Sunday, December 14, 2014

The Willie Suchanek Lawson Engine


     “How do I start this thing?”
     “Insert the knot of the starter rope into the notch in that flywheel pulley.  Wrap the rope around the pulley three or four times, hold the choke wire in full-on position with one hand while you pull the rope with the other hand.”
     “No, no, no, not the engine.  That’s not what I meant at all.  This story, how do I start this story?”

      It’s is fitting and proper that this story is as hard to start as the little Lawson engine can be.  This began as a story about hauling wheat.  Like the road to heaven, tempting diversions spring up everywhere.  I seem to follow Yogi Berra’s sage advice, “when you see a fork in the road, take it.”   So, here goes.
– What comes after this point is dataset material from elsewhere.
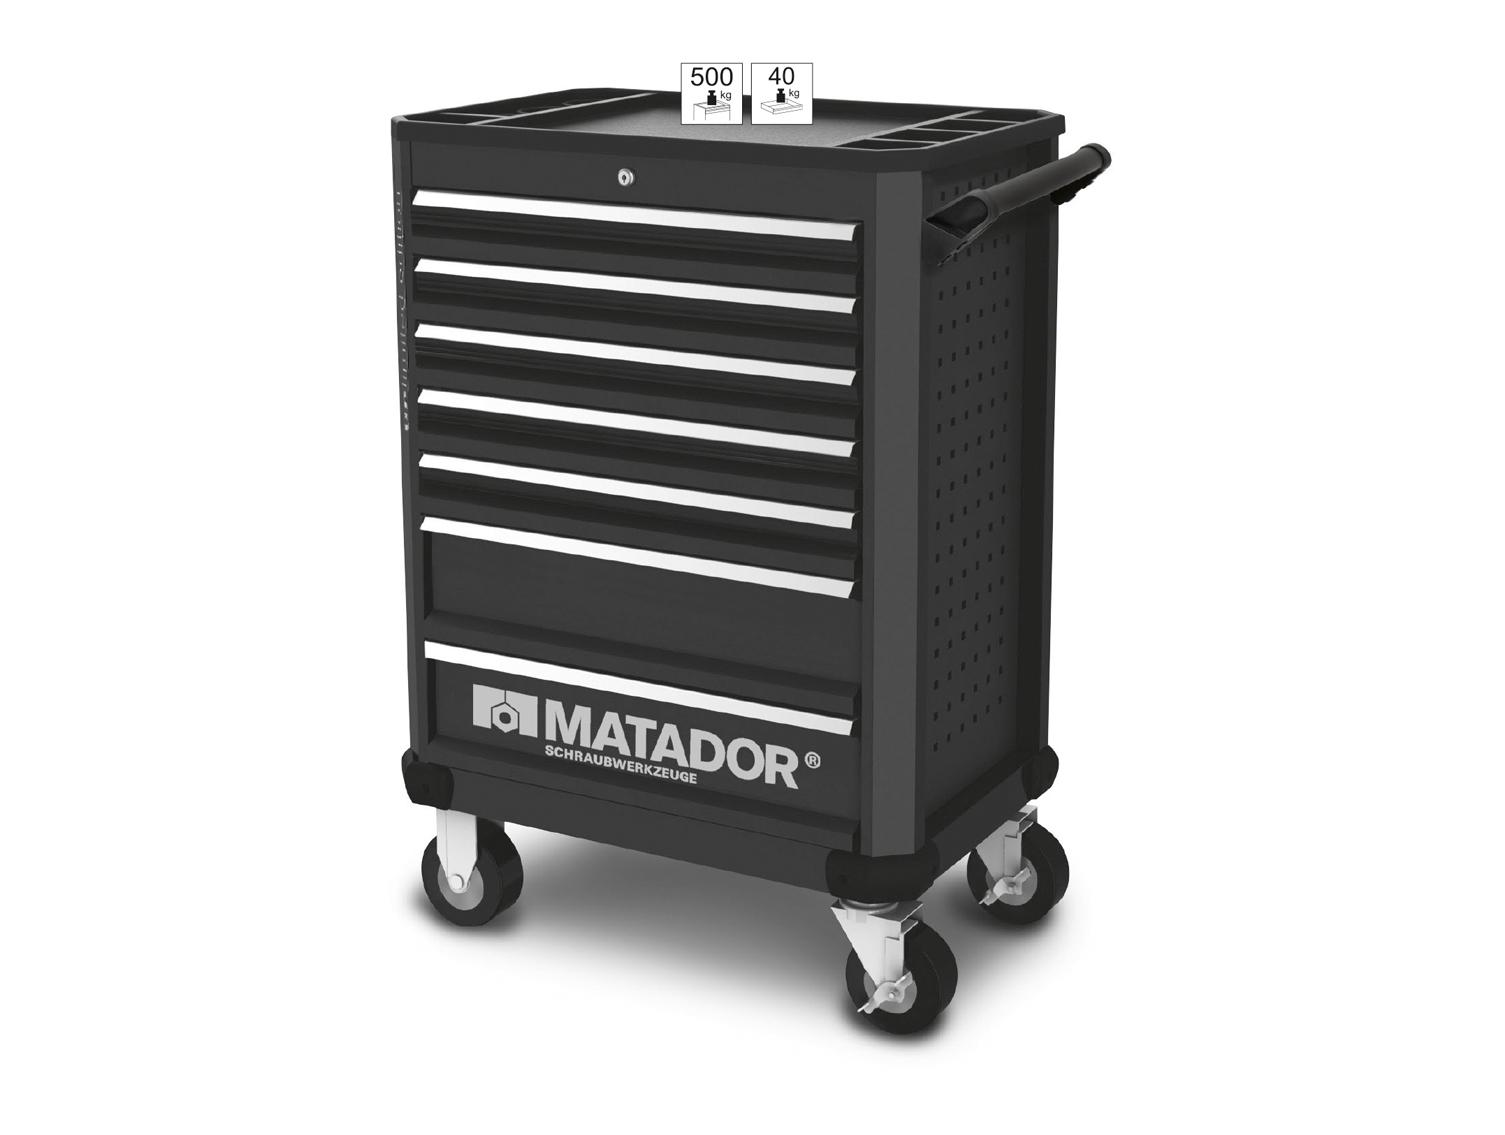 RATIO TRUCK, 201-tlg., MATADOR 81639561
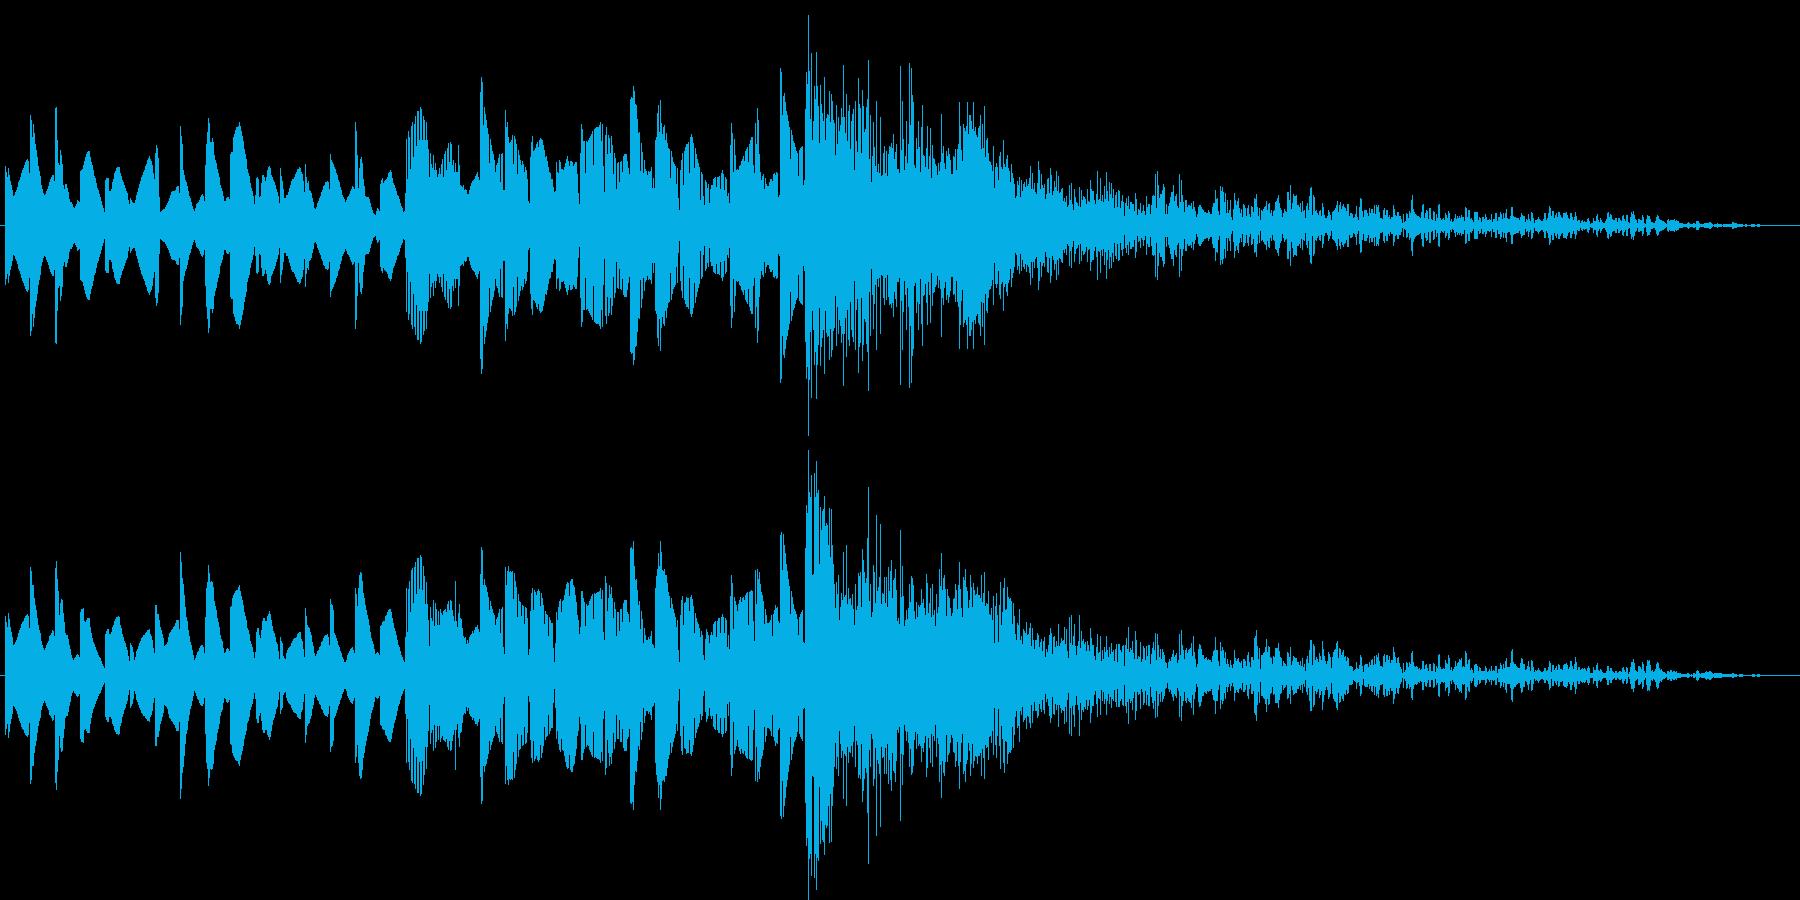 追いつめられ最後に撃墜されたメロと爆発音の再生済みの波形

     Life didn’t begin at birth.  Life began when the conscious memory began to create and store images.  I’m told that I badly burned my feet as a toddler by walking onto the floor furnace grate.  I was a patient in Children’s Hospital.  I have absolutely no memory of that.  (Woops, another sidetrack.) I was still more vegetable than animal then.
     There are things about the farmyard that go back to the beginning of my life:  An old red barn, two red chicken houses, a hog house (the cement floor survives), a wind charger on a three-legged tower, a tank house (right where the current pump house sits), the shop and milk house (pretty much unchanged in appearance except for the plastic siding and metal roof), the red granary a few hundred yards north of the farmyard.
     The old grain auger belongs in that list.  Like the sun, moon, and stars, it pre-existed me.  It was always there.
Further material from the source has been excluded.